Data Science Ai Mcp
Hook MEOK AI Labs data-science MCP into your agent so analysis, modeling helpers, and data workflows are callable tools while you build data-backed features.
Overview
data-science-ai-mcp is a MCP server for the Build phase that links coding agents to MEOK AI Labs data-science tooling over stdio.
What is this MCP server?
- data-science-ai-mcp v1.0.4 stdio server on PyPI from MEOK AI Labs
- Registry id io.github.CSOAI-ORG/data-science-ai-mcp with GitHub source
- Targets data-science and analytics agent workflows over MCP
- Standard MCP server schema (2025-12-11) for client compatibility
- Local stdio transport for IDE-embedded data work
- Version 1.0.4 on MCP registry
- Transport: stdio
- PyPI identifier: data-science-ai-mcp
What problem does it solve?
Builders iterating on analytics code in the IDE lack a standard MCP layer for repeatable data-science actions the agent can invoke safely and consistently.
Who is it for?
Indie builders shipping data-heavy SaaS or internal tools who already use MCP and want analytics-oriented agent tools during backend work.
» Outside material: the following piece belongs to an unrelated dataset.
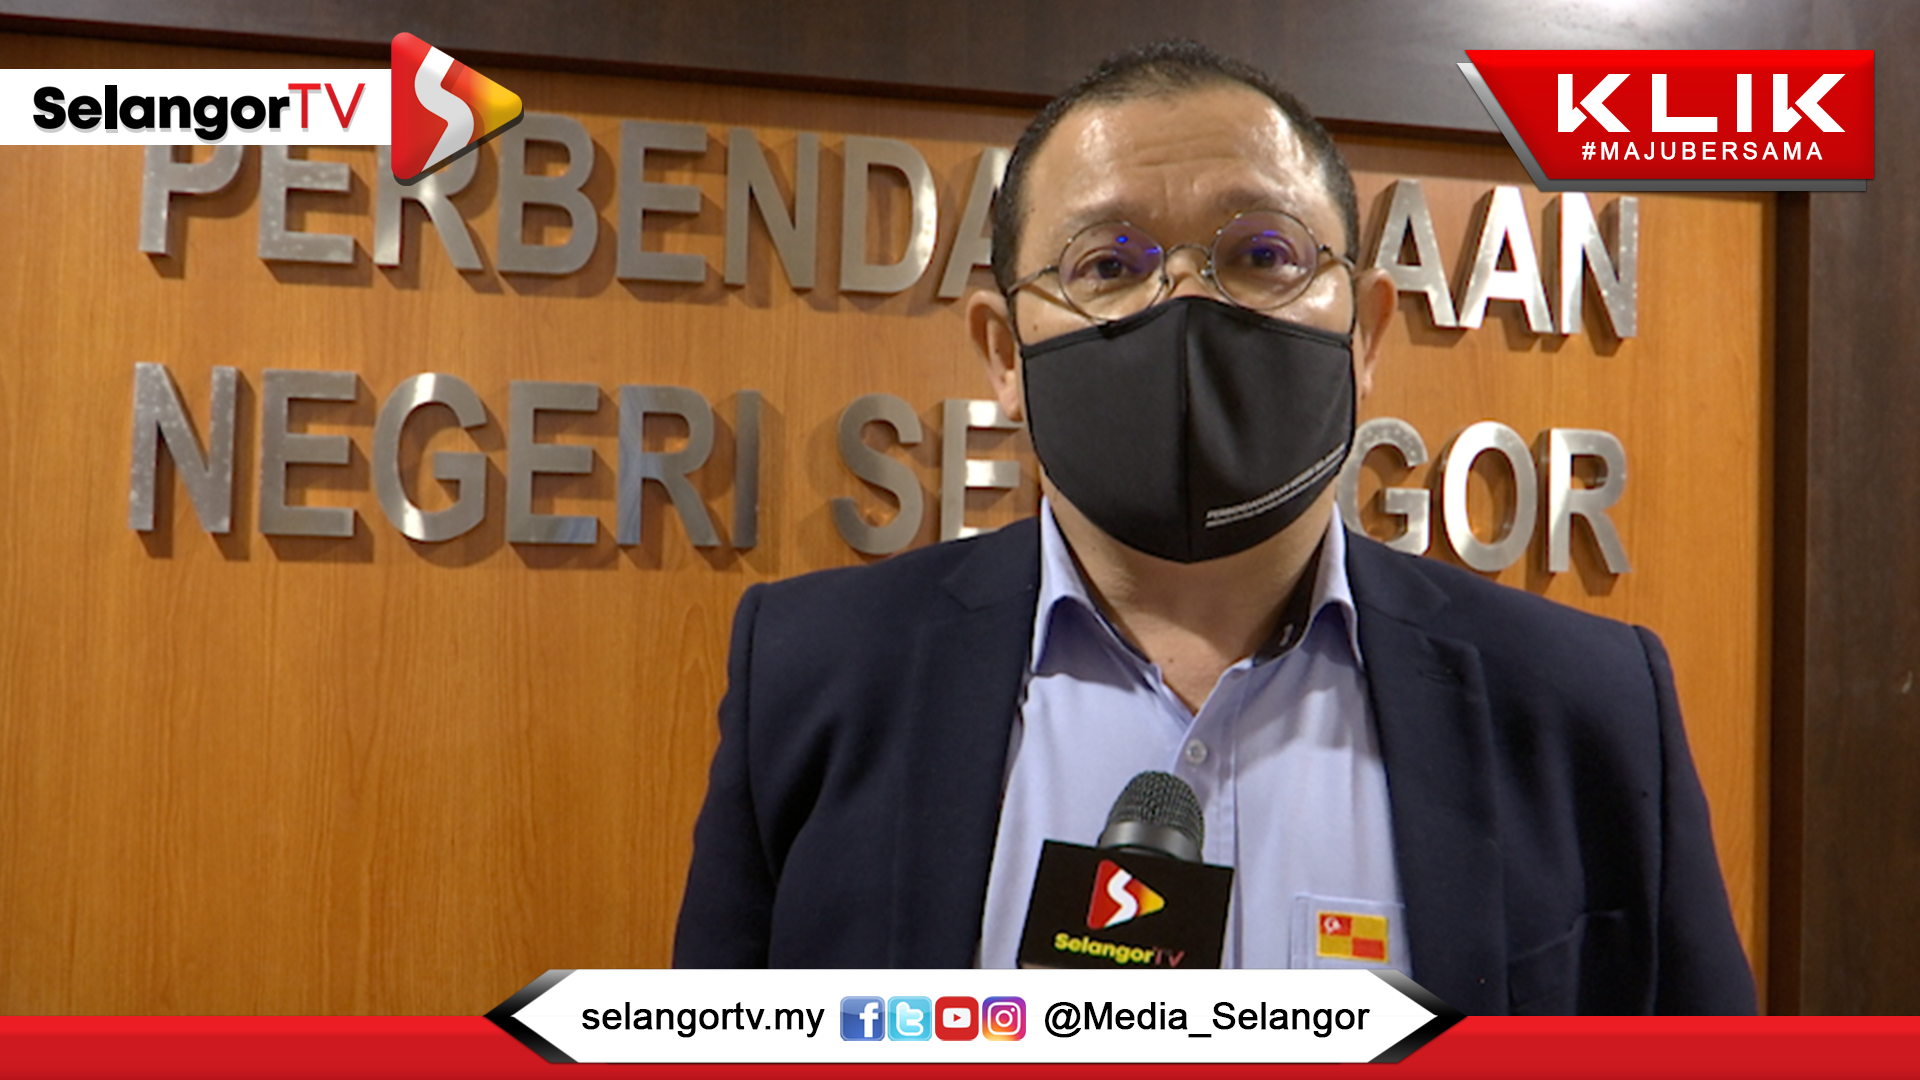 Salur dana ke Bendahari Selangor, elak penipuan  SelangorTV

Skip if: Teams that need a governed enterprise data platform, scheduled Spark jobs, or certified BI deployment without any local Python MCP setup.
What do I get? / Deliverables
Once registered, your agent can call data-science MCP tools from MEOK AI Labs while you implement metrics, experiments, and data features in the same workspace.
- Running data-science-ai-mcp stdio server wired into your agent
- MCP-exposed data-science tool calls usable during feature development
- Faster iteration loop between code edits and agent-driven data tasks
Recommended MCP Servers
Journey fit
Data science and analytics implementation happens in Build when you wire datasets, metrics, and ML-adjacent logic into the product. Backend subphase covers server-side analytics, pipelines, and data APIs—the natural home for a data-science MCP server during implementation.
How it compares
MCP data-science integration for agents, not a hosted Jupyter or warehouse console.
Common Questions / FAQ
Who is data-science-ai-mcp for?
It is for developers using MCP agents who are building analytics, modeling, or data pipeline features and want MEOK AI Labs data-science tools in the loop.
When should I use data-science-ai-mcp?
Use it during Build, especially backend analytics work, when you want agent-driven data-science actions via MCP rather than isolated chat sessions.
How do I add data-science-ai-mcp to my agent?
Install the data-science-ai-mcp PyPI package, configure stdio in your MCP client, and register io.github.CSOAI-ORG/data-science-ai-mcp per your host’s server JSON format.